■ **Problem**: Reproduce the data below exactly. Skip the pictures.

■ **Data shown**:

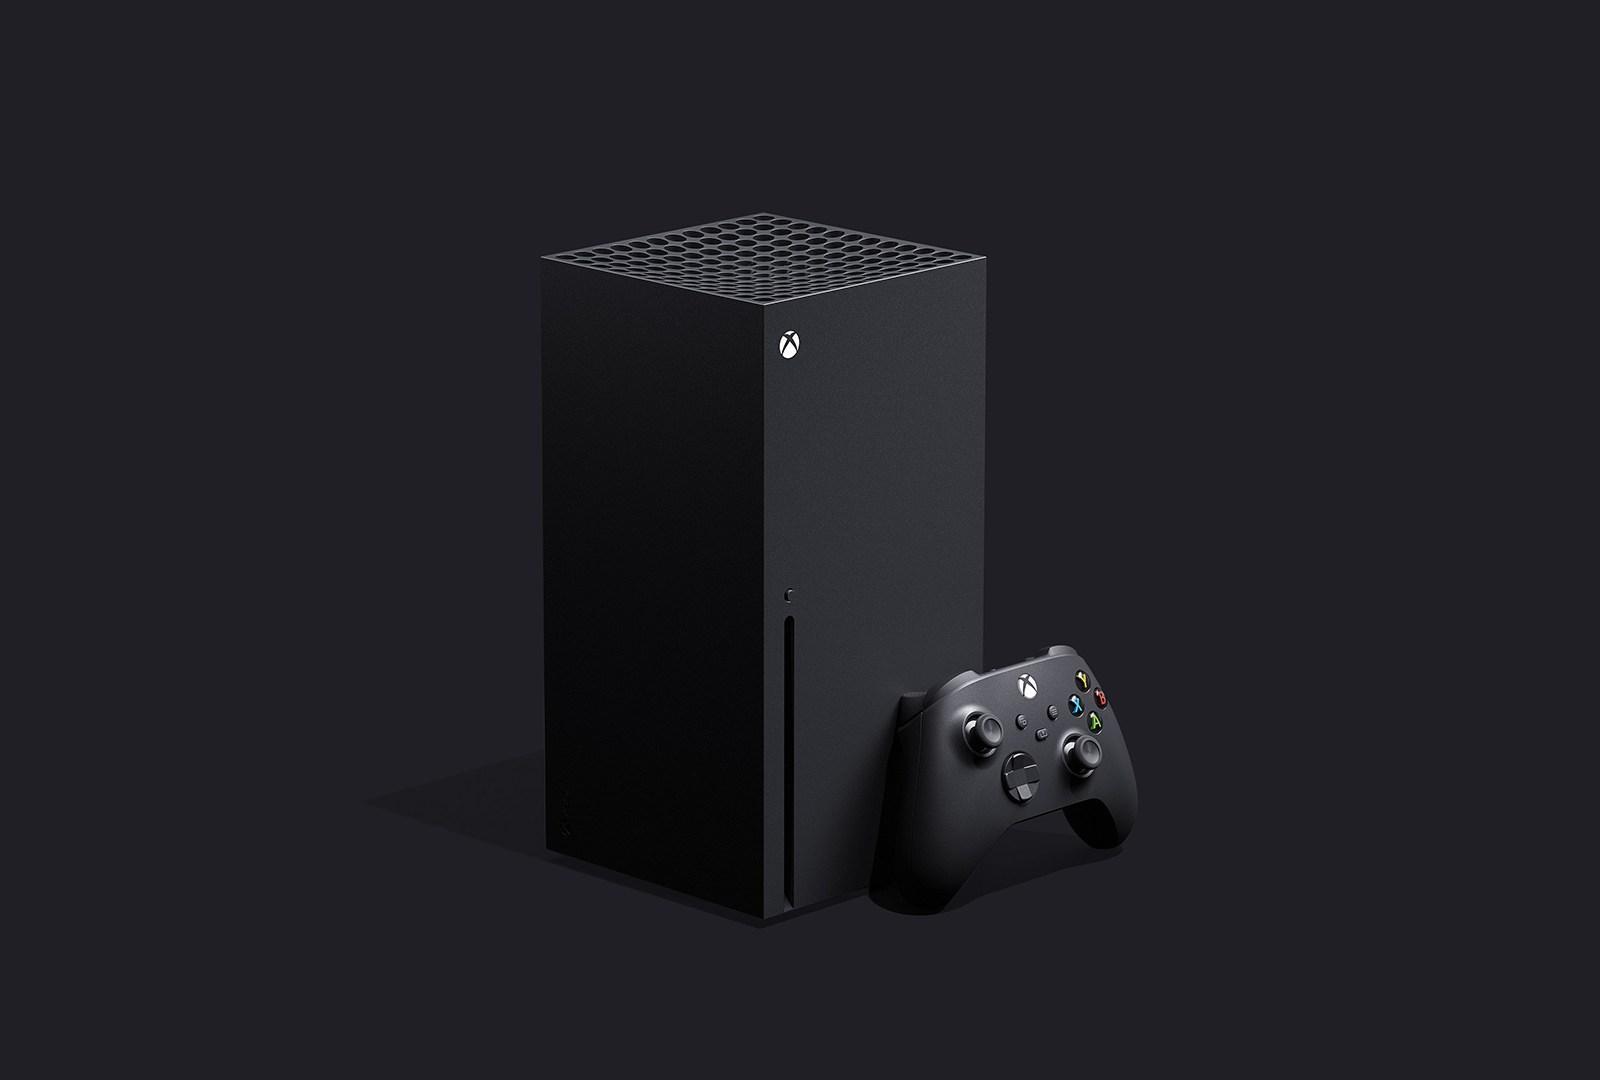 Xbox Series X console (source: Microsoft)
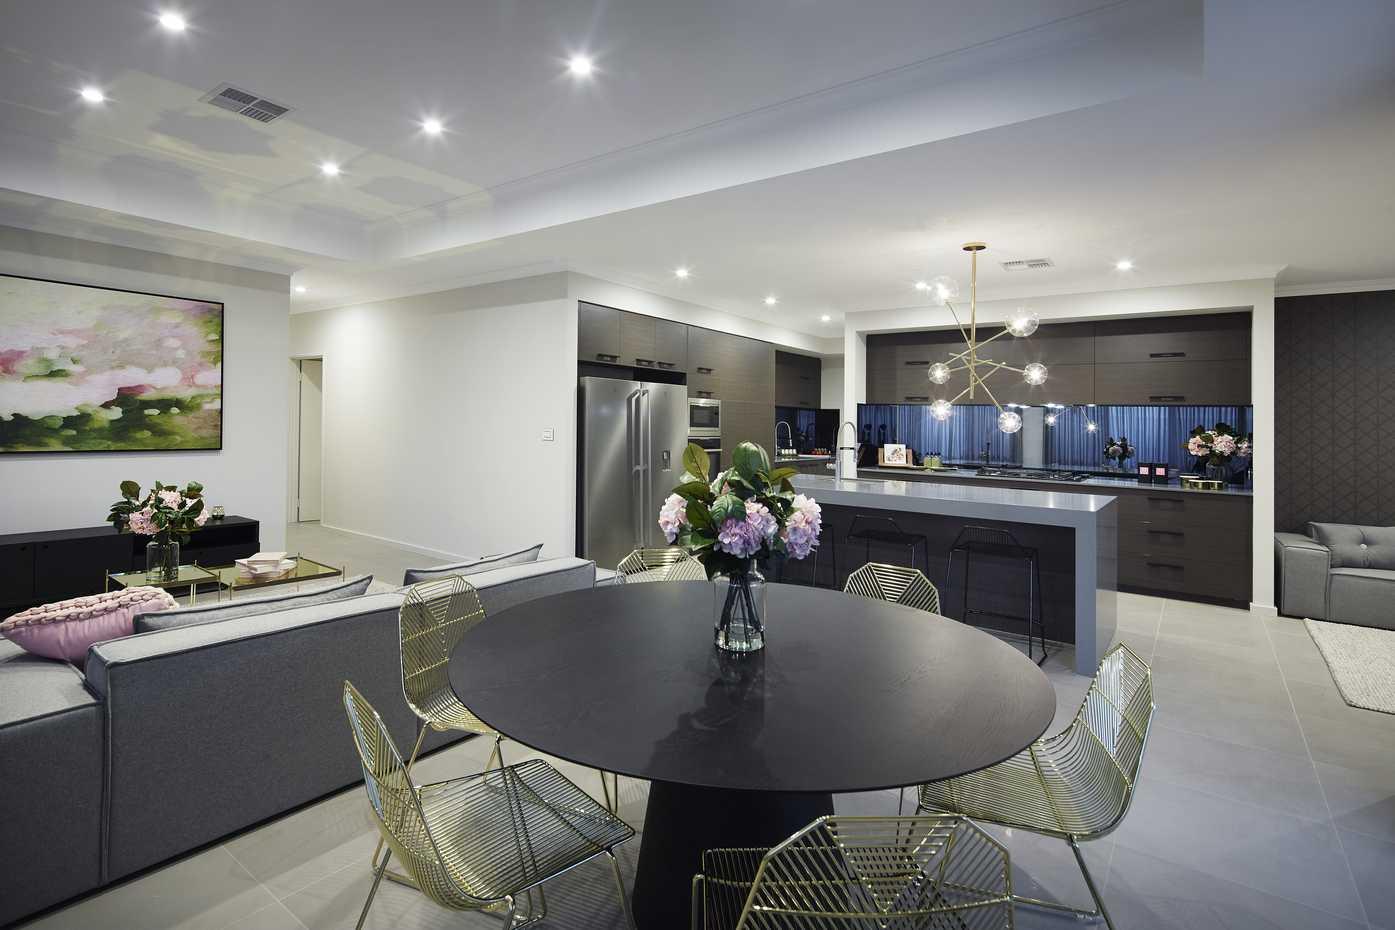 Texas Platinum - Dining Kitchen Family
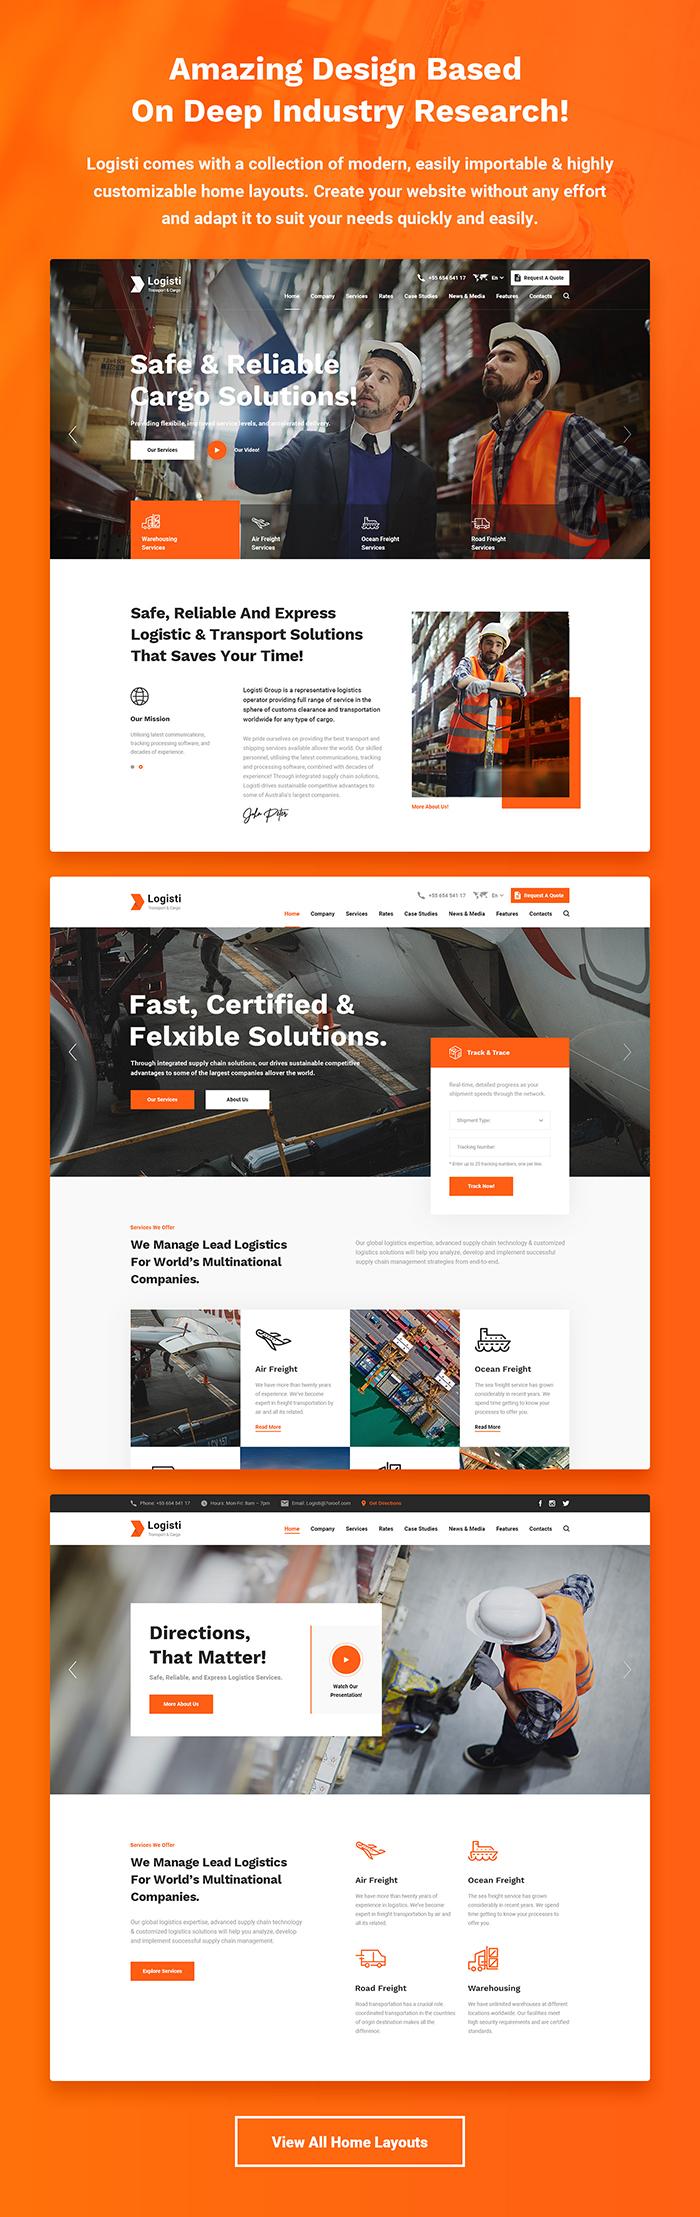 Logisti - Logistics & Transport WordPress Theme - 6

■ **Result**:
 Xbox Series X console (source: Microsoft)
 Texas Platinum - Dining Kitchen Family
 Logisti - Logistics & Transport WordPress Theme - 6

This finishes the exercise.